1954  –   Hollywood, which has had more of its share of weird murder mysteries, had a duckacide and a dogacide to add to its list of homicides. As usual, the victims were celebrities. Their names were Pierre and Tana. Pierre, a white duck owned by Byron Lawler, 17, of 1329 N. Spaulding Avenue vanished on March 3, 1954. Lawler followed a trail of feathers two blocks to the backyard of Robert Sharp of 1400 N. Genessee Ave. In the yard lay all that what was left of Pierre – nothing but some feathers. Enraged, Lawler went home, got his 410 shotgun, returned to the Sharp yard and killed Tana, a pedigreed Kerry blue terrier which he felt had killed Pierre. Young Lawler was arrested.

      Pierre recently had broken his neck in an accident. The neck was put into splints and Pierre was nursed back to health by hand feeding. Lawler never dreamed that Pierre would end up a duckicide. And Tana recently had been hit by a car. Splints had been removed from her broken front foot only the week before. She too, had recovered. Early on March 3, 1954, she was hobbling around on three legs. Her owners never dreamed that she would die murdered, a dogicide. When Lawler, with his shotgun and his father went to the Sharp's front door, the elder Lawler warned Mrs. Sharp "You had better get your dog in the house because my son is going to shoot it." Before Mrs. Sharp could reach the back yard, the Lawler boy had opened the back gate and shot the dog before the horrified eyes of 10-year-old Janie Sharp.
      The Sharps called police and Lawler was arrested. Mrs. Sharp told police that her Japanese caretaker had found the duck dead in their yard where Tana was playing. The duck was cold and had been there for some time, so they put it in the incinerator and cremated it. Only the feathers remained. Pierre's death made a widow of Priscilla, another white duck owned by the Lawler's. Priscilla was an expectant mother. Her ducklings will be fatherless. Tana left four pups without a mother.

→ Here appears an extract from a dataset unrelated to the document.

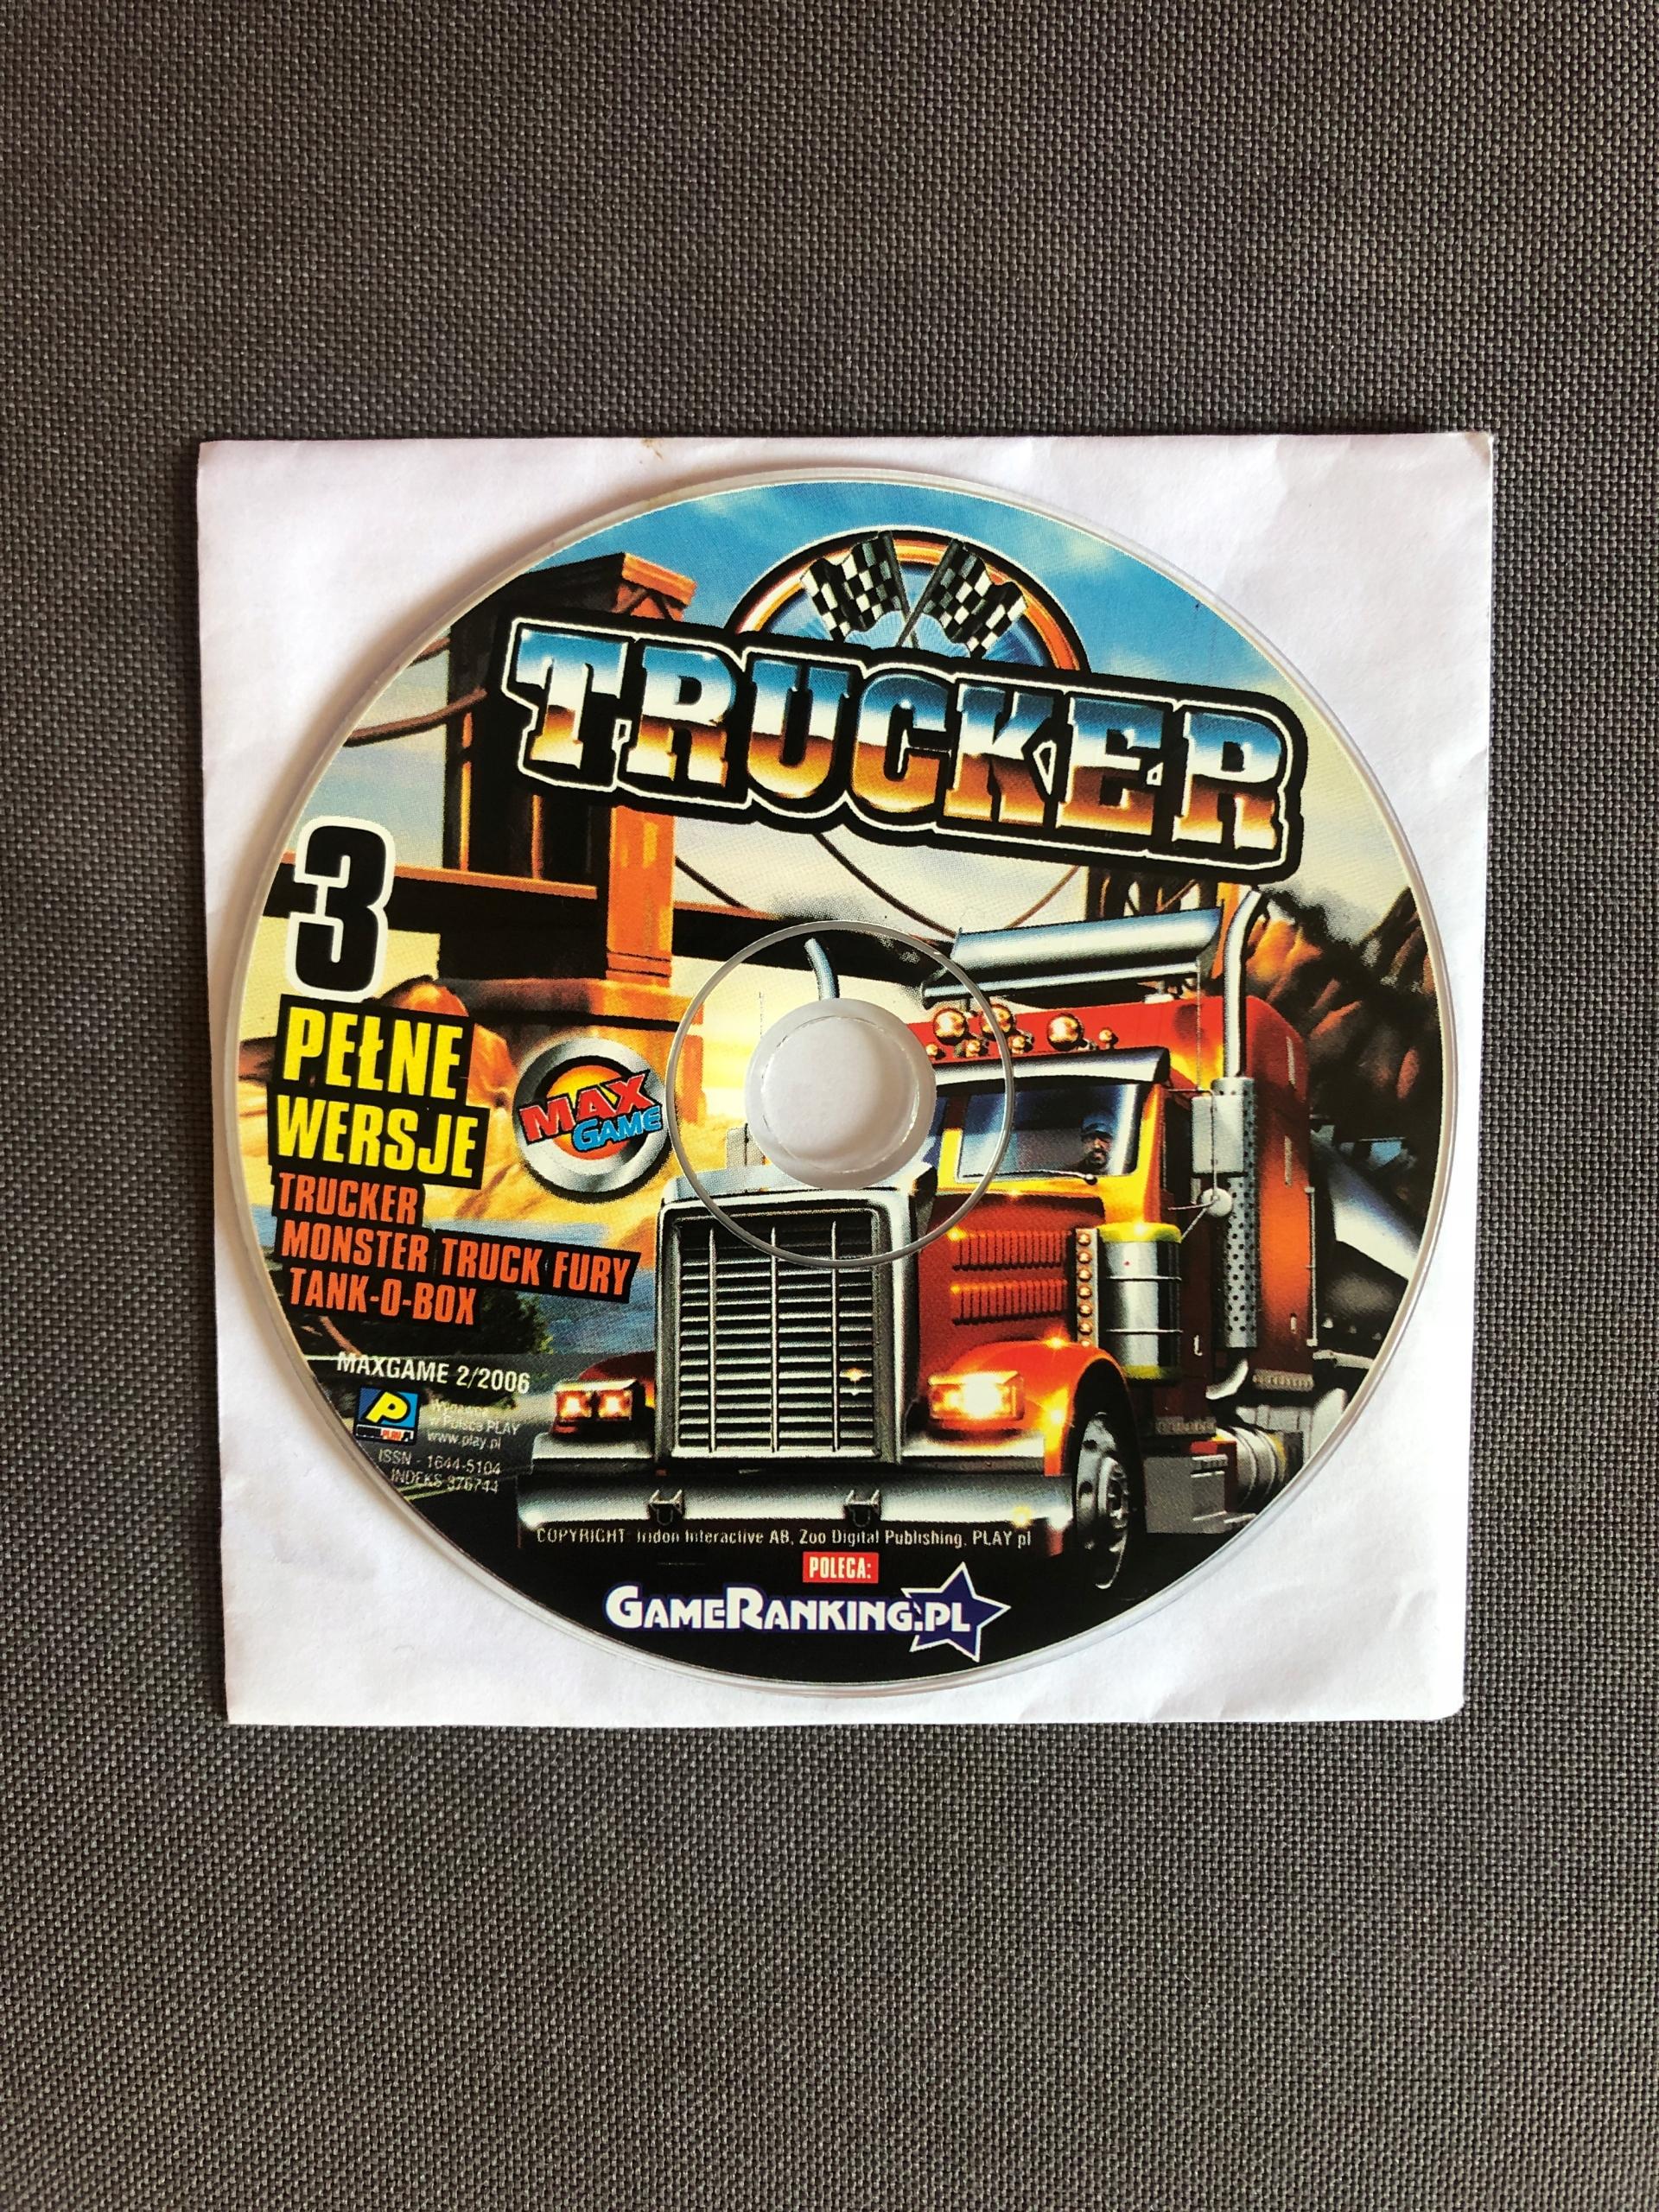 Trucker * Monster Truck Fury * Tank-O-Box 3 wersje
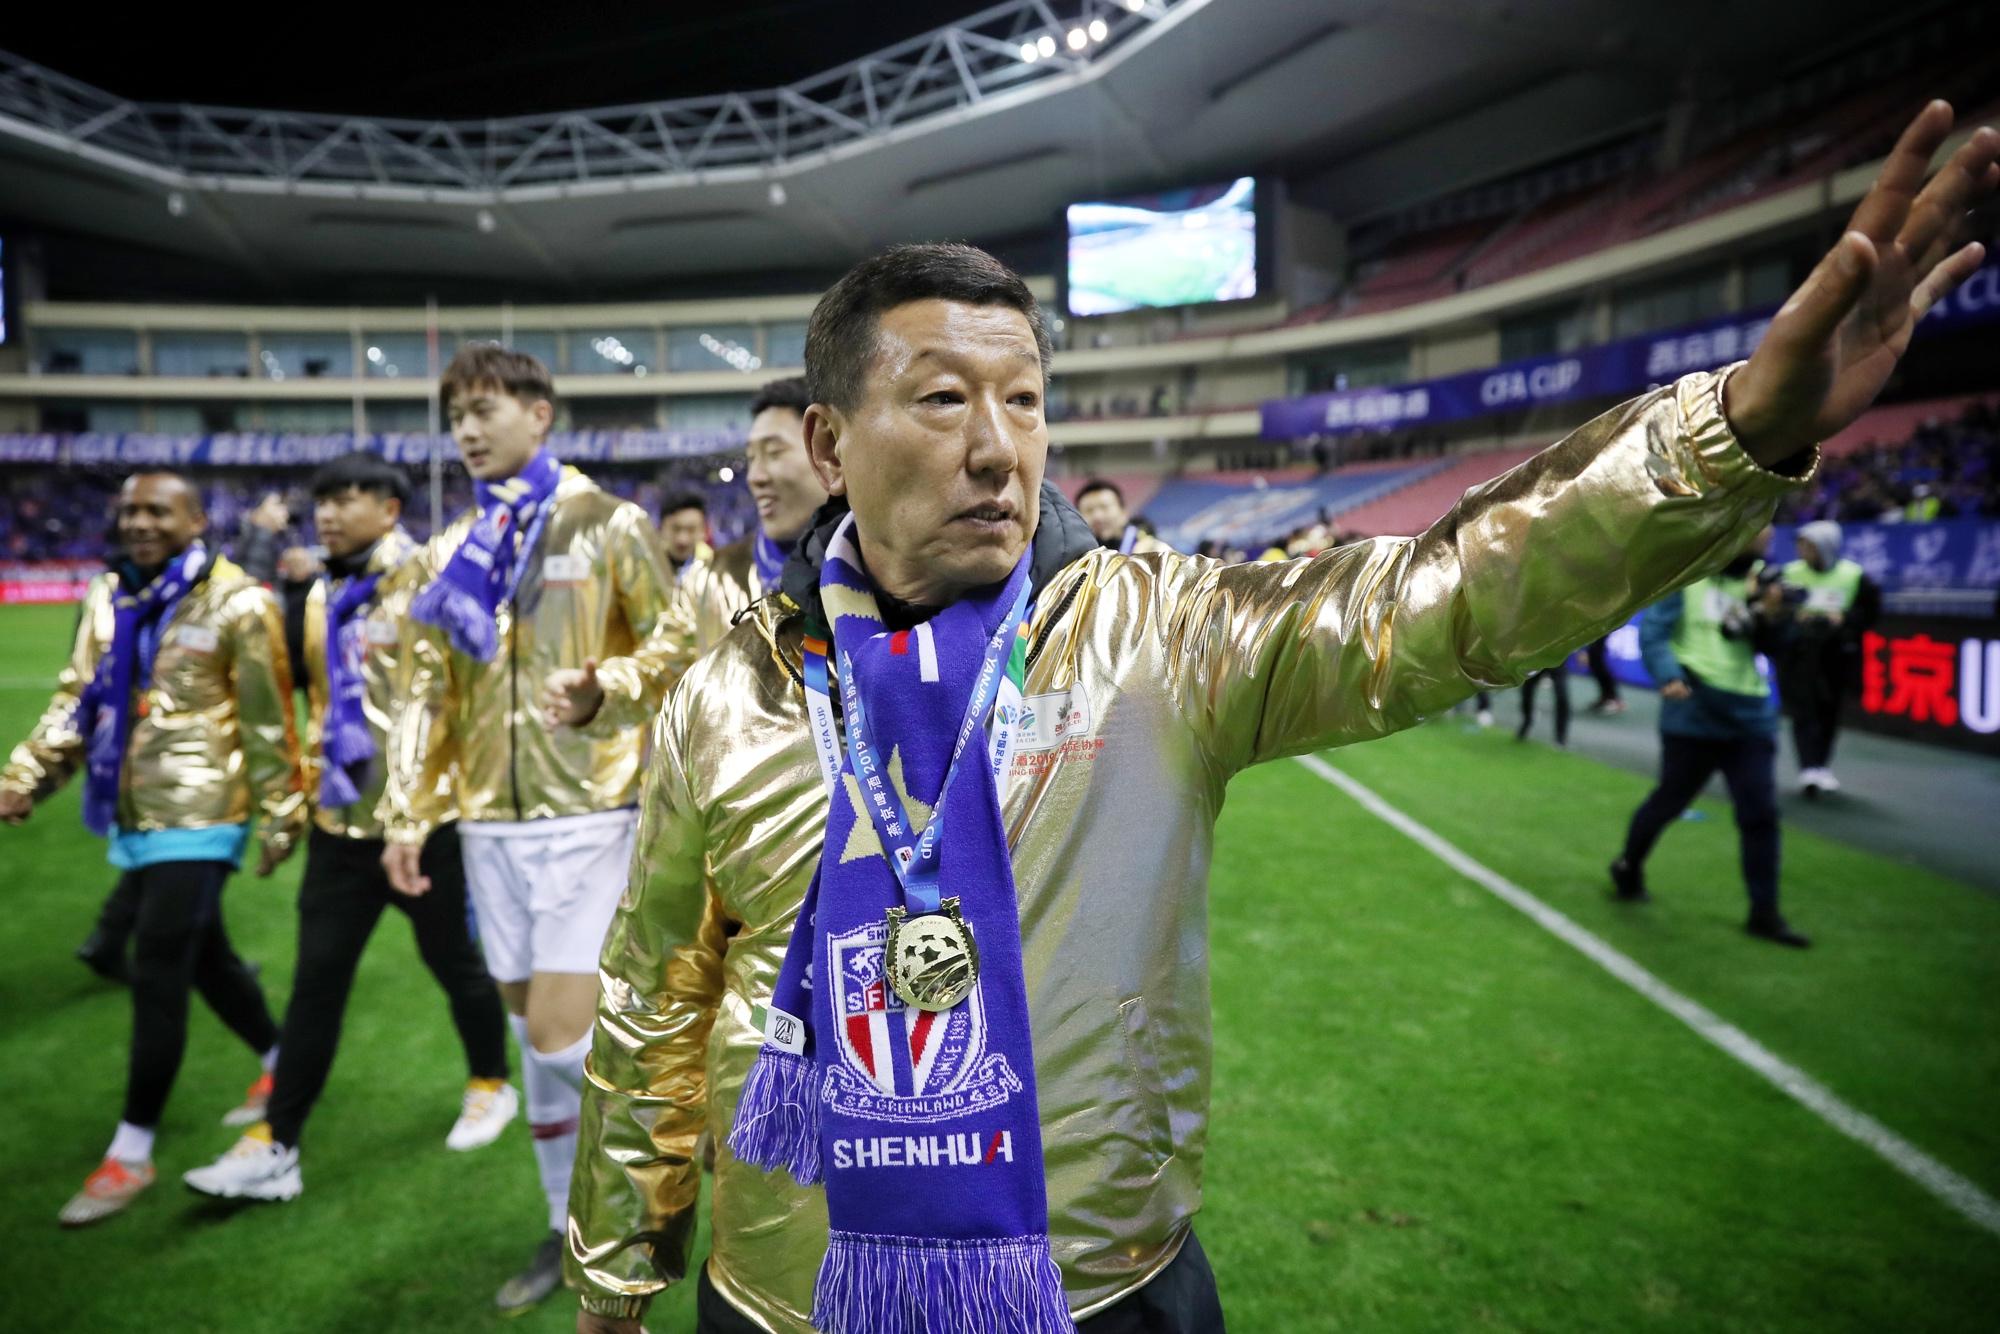 日本国产纯血马2019在海外4国斩获8场1级赛冠军_无辜Mdledle

1988  –   The three-story Spanish house at 1654 N. Doheny Drive once belonged to Hollywood madam Elizabeth "Alex" Adams who ran a house of prostitution in it for several years before she was arrested in 1988. Adams, the bawdy Beverly Hills madam whose lavish and lucrative prostitution network catered to a private world of millionaire businessmen, movie stars and Saudi Arabian sheiks. The house was later rented by actress Shannen Doherty of "Beverly Hills 90210." In 1994. a lawsuit filed by the owner of the house, claimed that Doherty trashed the home and skipped out owing $14,000 in overdue rent
Where is She Now?  Adams died in Los Angeles during heart surgery on July 10, 1995 at age 60.

1935  –   Mrs. Lillian Braxton Sloane, society woman and voice teacher, of 8241 De Longpre Ave., was granted a divorce from director Paul H. Sloan in December, 1935. She testified that he was rude to her and friends, and often refused to speak to her. He never took me anywhere," she said, "and often told me he wanted to get rid of me." She got the house here, the car, and their 7-year-old son, John Paul.
Where Is He Now?  Sloan died on November 15, 1963 of a heart attack at age 76.

1949  –   Actress Denise Darcel, 23, pleaded guilty to a charge of cruelty to animals on January 2, 1949 and was fined $10. She was accused of leaving two German shepherd dogs, one a 3-month-old puppy, on an unsheltered balcony of her home at 1510 Forest Knoll Drive throughout the night on December 16 and 17, 1948. "I love those dogs and wouldn't do anything to hurt them," she told the judge.
Whatever Happened to Her?  After her movie career ended, she worked as a card dealer in a casino in Las Vegas.

1931  –   Miss Margaret Bell, 20, was arrested at 927 Burnside Ave. in July, 1931 while attempting to rob an apartment. She was taken into custody after she out-fought Mrs. J. Wood, whose apartment she was ransacking, and a neighbor woman who had gone to Mrs. Wood's aid. Struggling like three Amazons, the women pulled hair, scratched and kicked, but the girl-bandit broke loose and got to the front door of the apartment building where she ran into the arms of two policemen, who had been called by other neighbors. She later told police that she would leave her hotel room at 729 W. 8th Street in L.A. every morning, take a bus to the Wilshire district where she looked around until she found an apartment where no one was home, then crawl in a window and rob the place.